Job
Capítulo 1-4
 

Capítulo 1

 
 
1HUBO un varón en tierra de Hus, llamado Job; y era este hombre perfecto y recto, y temeroso de Dios, y apartado del mal.
2Y naciéronle siete hijos y tres hijas.

3Y su hacienda era siete mil ovejas, y tres mil camellos, y quinientas yuntas de bueyes, y quinientas asnas, y muchísimos criados: y era aquel varón grande más que todos los Orientales.

4E iban sus hijos y hacían banquetes en sus casas, cada uno en su día; y enviaban á llamar sus tres hermanas, para que comiesen y bebiesen con ellos.

5Y acontecía que, habiendo pasado en turno los días del convite, Job enviaba y santificábalos, y levantábase de mañana y ofrecía holocaustos conforme al número de todos ellos. Porque decía Job: Quizá habrán pecado mis hijos, y habrán blasfemado á Dios en sus corazones. De esta manera hacía todos los días.

6Y un día vinieron los hijos de Dios á presentarse delante de Jehová, entre los cuales vino también Satán.

7Y dijo Jehová á Satán: ¿De dónde vienes? Y respondiendo Satán á Jehová, dijo: De rodear la tierra, y de andar por ella.

8Y Jehová dijo á Satán: ¿No has considerado á mi siervo Job, que no hay otro como él en la tierra, varón perfecto y recto, temeroso de Dios, y apartado de mal?

9Y respondiendo Satán á Jehová, dijo: ¿Teme Job á Dios de balde?

10¿No le has tú cercado á él, y á su casa, y á todo lo que tiene en derredor? Al trabajo de sus manos has dado bendición; por tanto su hacienda ha crecido sobre la tierra.

11Mas extiende ahora tu mano, y toca á todo lo que tiene, y verás si no te blasfema en tu rostro.

12Y dijo Jehová á Satán: He aquí, todo lo que tiene está en tu mano: solamente no pongas tu mano sobre él. Y salióse Satán de delante de Jehová.

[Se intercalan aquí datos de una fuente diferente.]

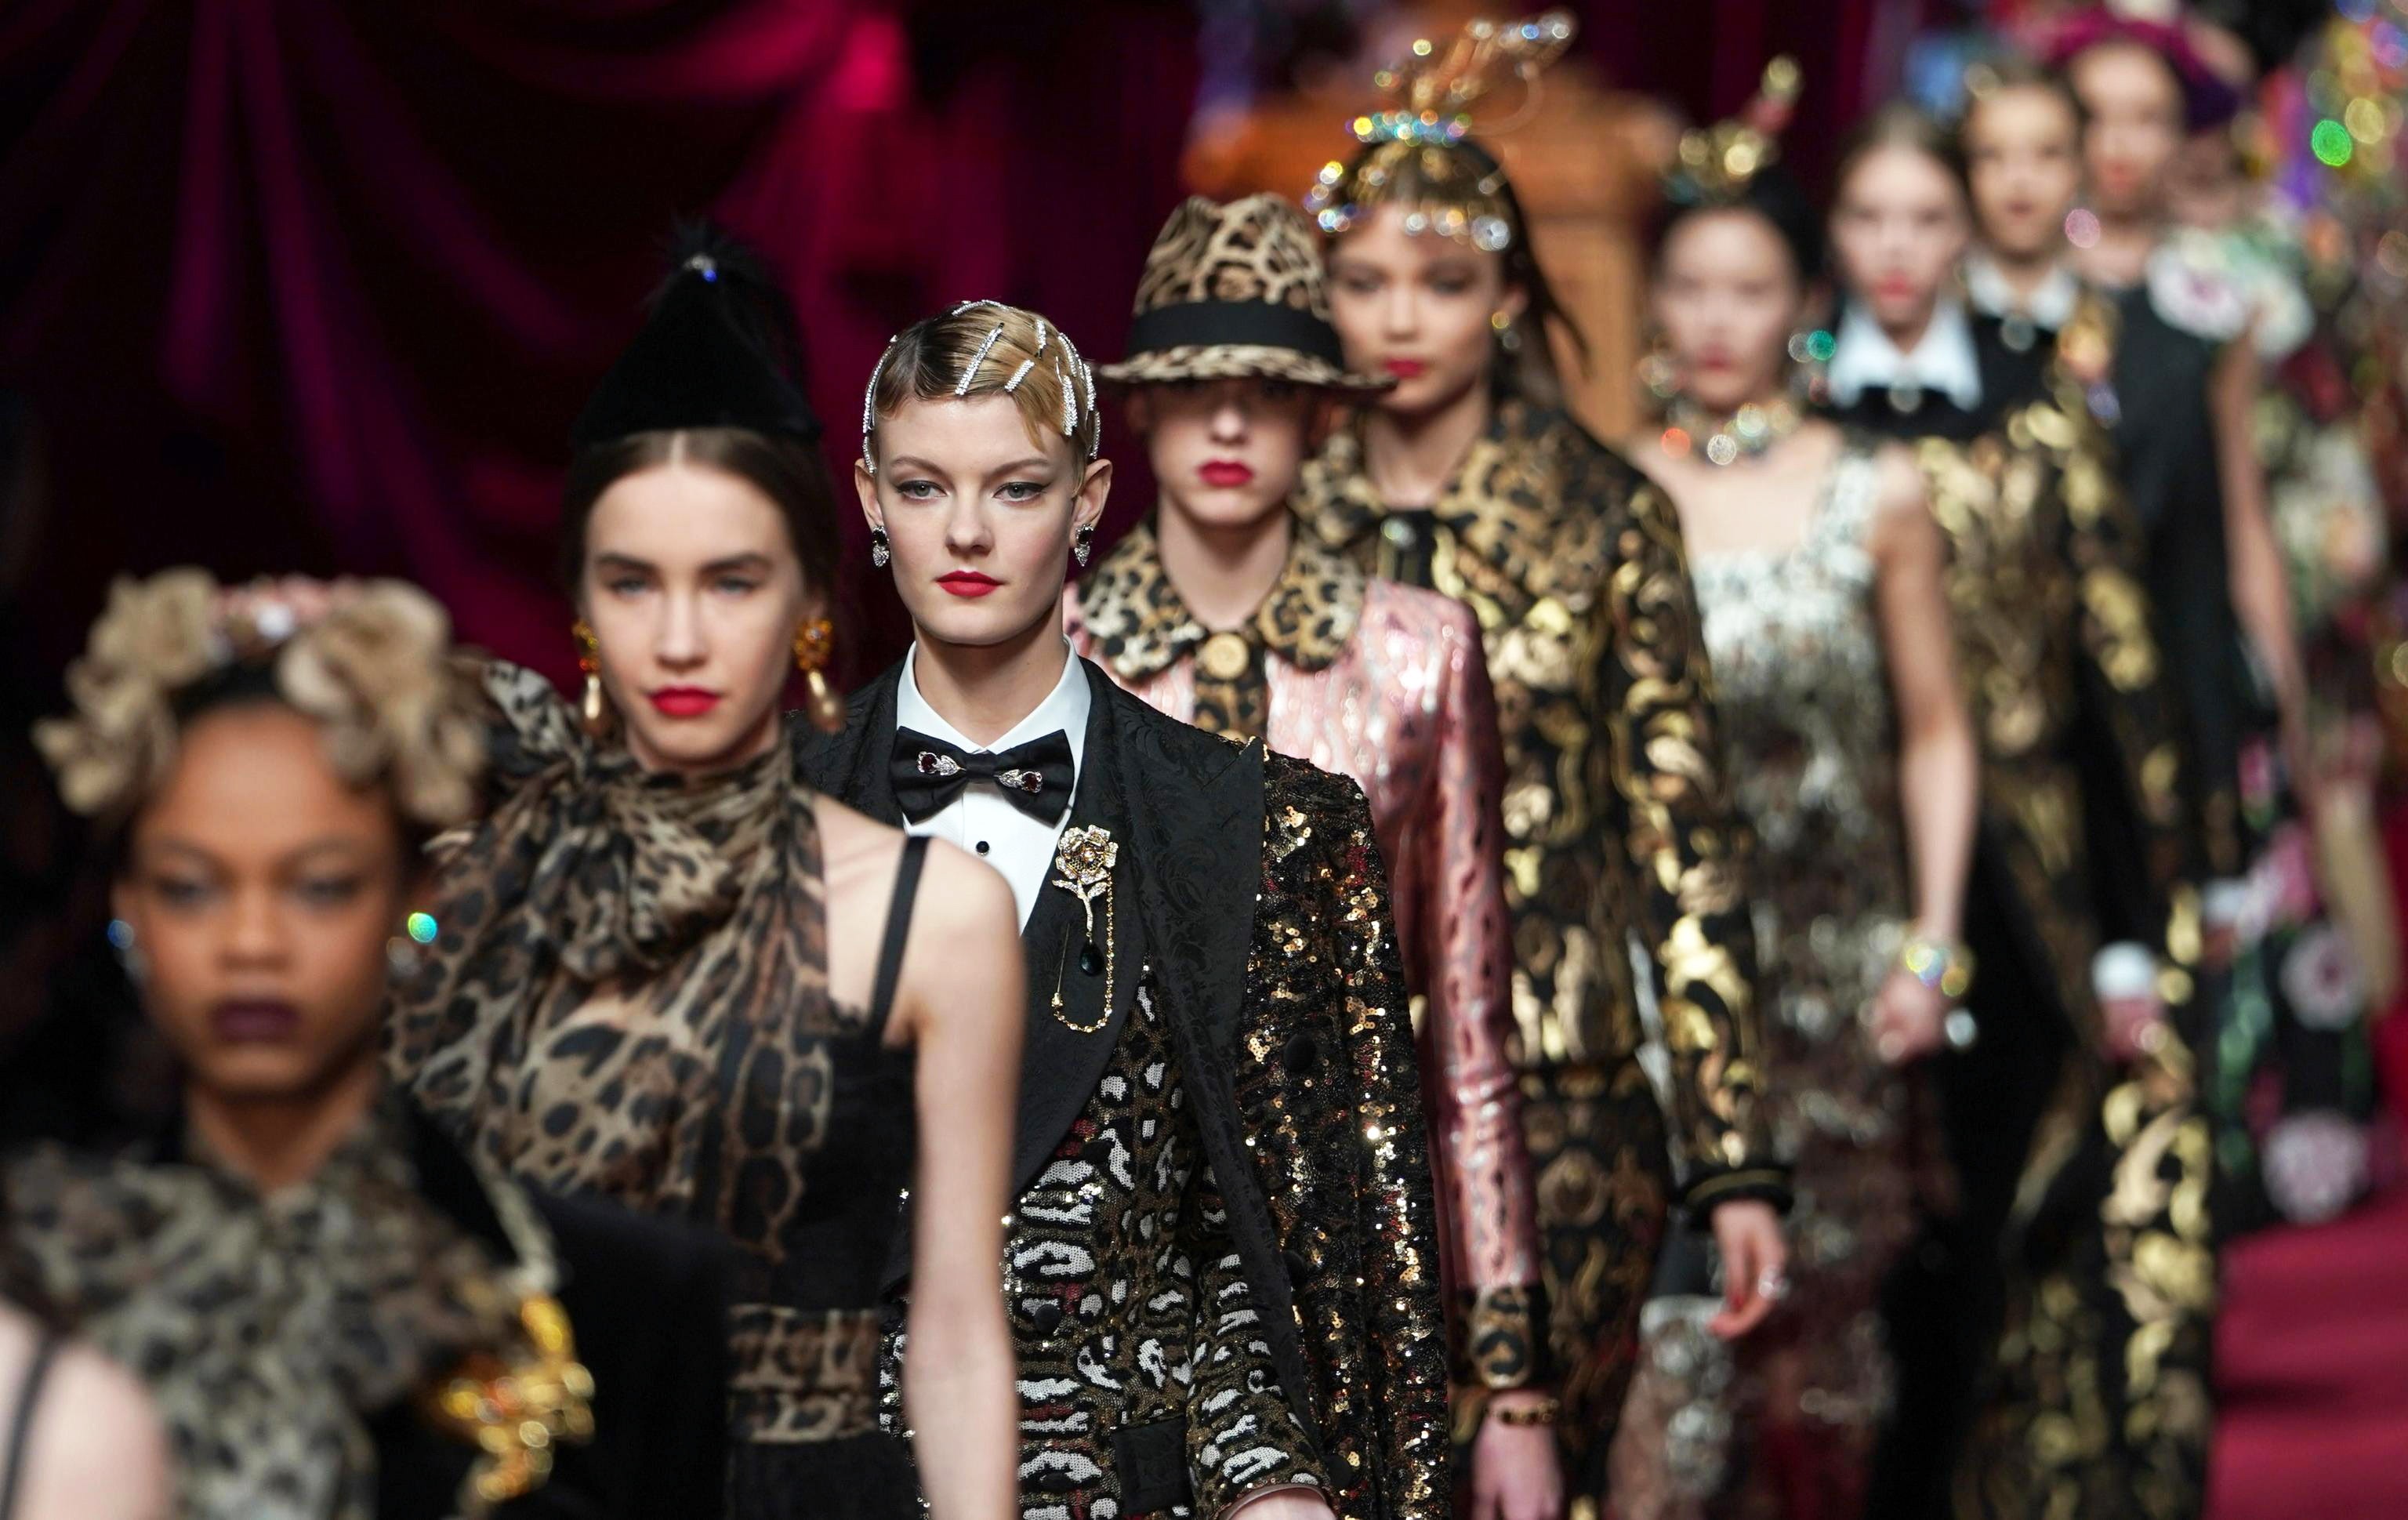 Dolce & Gabbana sees sales slowdown in China after ad backlash

13Y un día aconteció que sus hijos é hijas comían y bebían vino en casa de su hermano el primogénito,

14Y vino un mensajero á Job, que le dijo: Estando arando los bueyes, y las asnas paciendo cerca de ellos,

15Acometieron los Sabeos, y tomáronlos, é hirieron á los mozos á filo de espada: solamente escapé yo para traerte las nuevas.

16Aun estaba éste hablando, y vino otro que dijo: Fuego de Dios cayó del cielo, que quemó las ovejas y los mozos, y los consumió: solamente escapé yo solo para traerte las nuevas.

17Todavía estaba éste hablando, y vino otro que dijo: Los Caldeos hicieron tres escuadrones, y dieron sobre los camellos, y tomáronlos, é hirieron á los mozos á filo de espada; y solamente escapé yo solo para traerte las nuevas.

18Entre tanto que éste hablaba, vino otro que dijo: Tus hijos y tus hijas estaban comiendo y bebiendo vino en casa de su hermano el primogénito;

19Y he aquí un gran viento que vino del lado del desierto, é hirió las cuatro esquinas de la casa, y cayó sobre los mozos, y murieron; y solamente escapé yo solo para traerte las nuevas.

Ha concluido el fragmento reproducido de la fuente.